Aurelian Chimes - not

Chimes by the Pelicans is one of my favourite doo wop recordings. Think I first heard it in the late nineties - certainly in time for me to nominate it as one of five faves on the doo wop shop board in September 2000 in a post archived on this blog here.


I first came across it on a CD reissue (above) of two compilations of rhythm and blues tracks mostly or exclusively on the Imperial label which had been compiled by Canned Heat's Bob Hite, if memory serves. I see from Mike Callahan's Imperial discography on the excellent Both Sides Now website, here, that both albums were originally issued in 1968.

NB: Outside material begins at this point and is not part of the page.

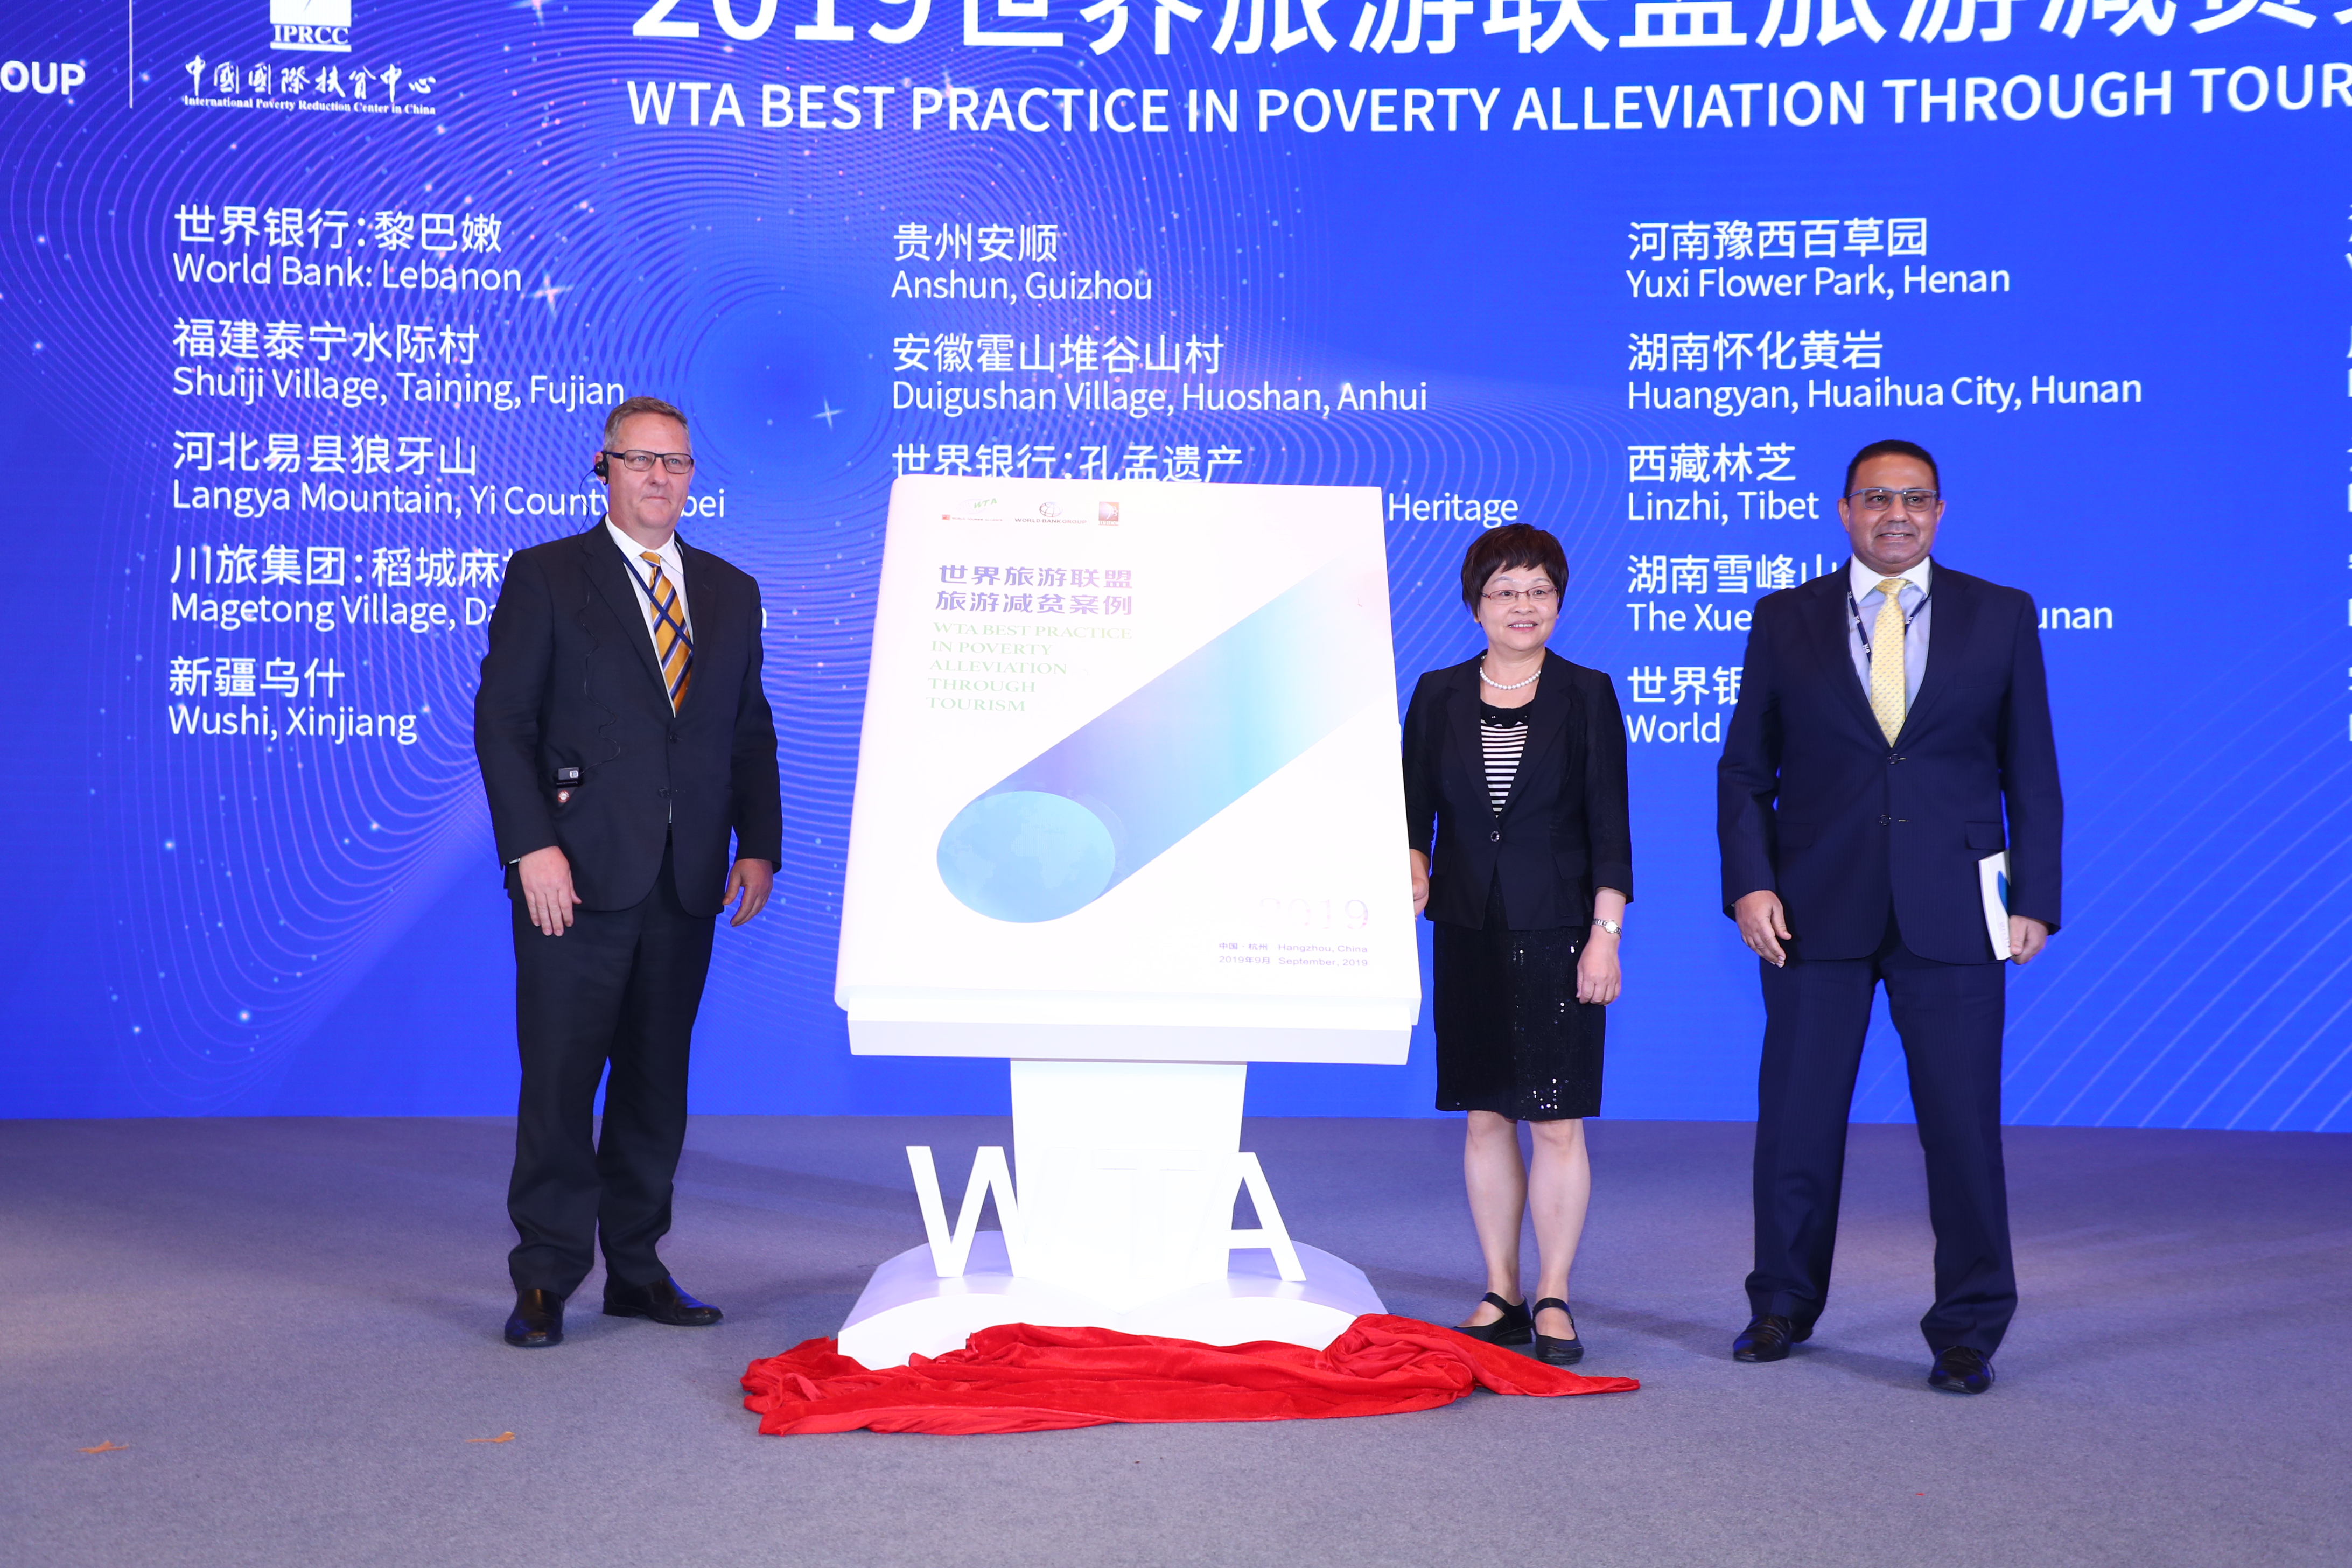 WTA Best Practice in Poverty Alleviation through Tourism 2019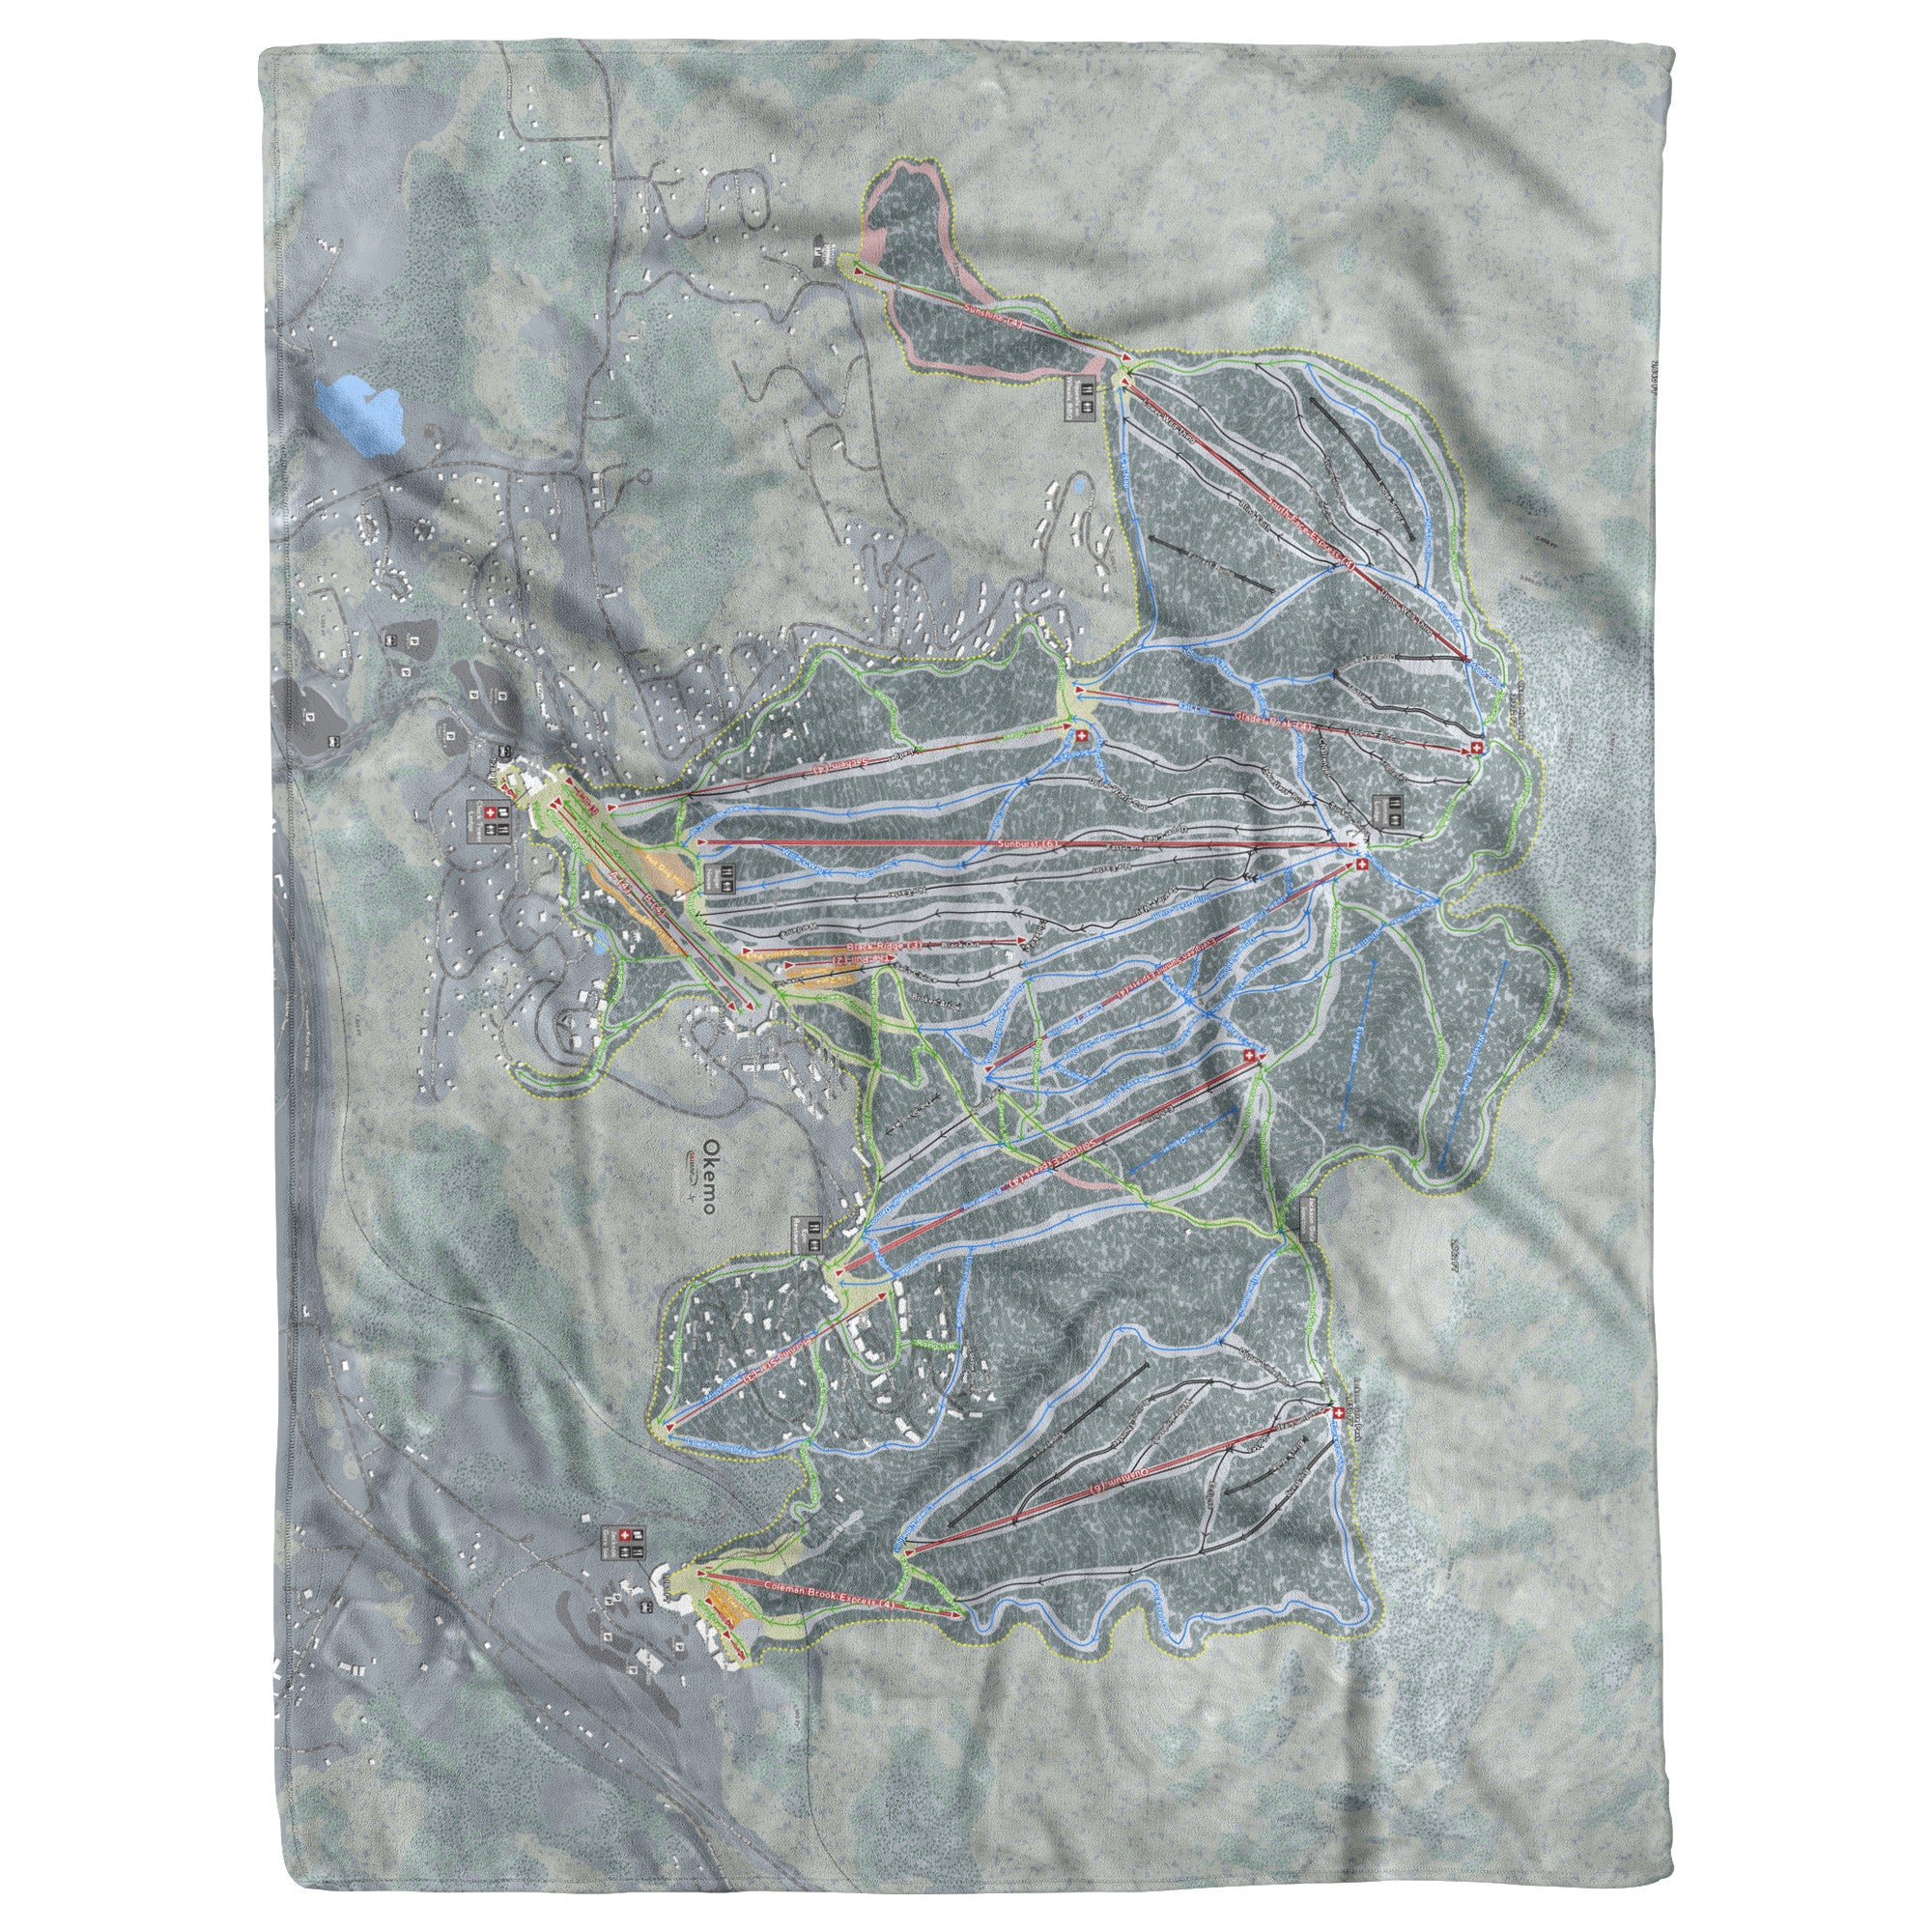 Okemo, Vermont Ski Resort Map Blanket

I was introduced, on that same CD, to the Five Keys' Red Sails in the Sunset. Interesting to make a direct comparison with the Spaniels' take on the standard: Rudy West is less controlled, less "cool," to use the term employed by the late Charlie Gillett about Pookie Hudson's voice. Not sure how accurate that description is in general but in this particular instance, placing the Spaniels' recording side by side with that of the Five Keys, it's certainly West who seems to be the more passionate - in fact there are moments where the performance - both West's voice and the piano accompaniment - seems to me a few steps away from chaos. But it never totters over, which is the point. (And listening to it again, it actually seems more controlled than I remember, which I can't account for, as it seems the same track.)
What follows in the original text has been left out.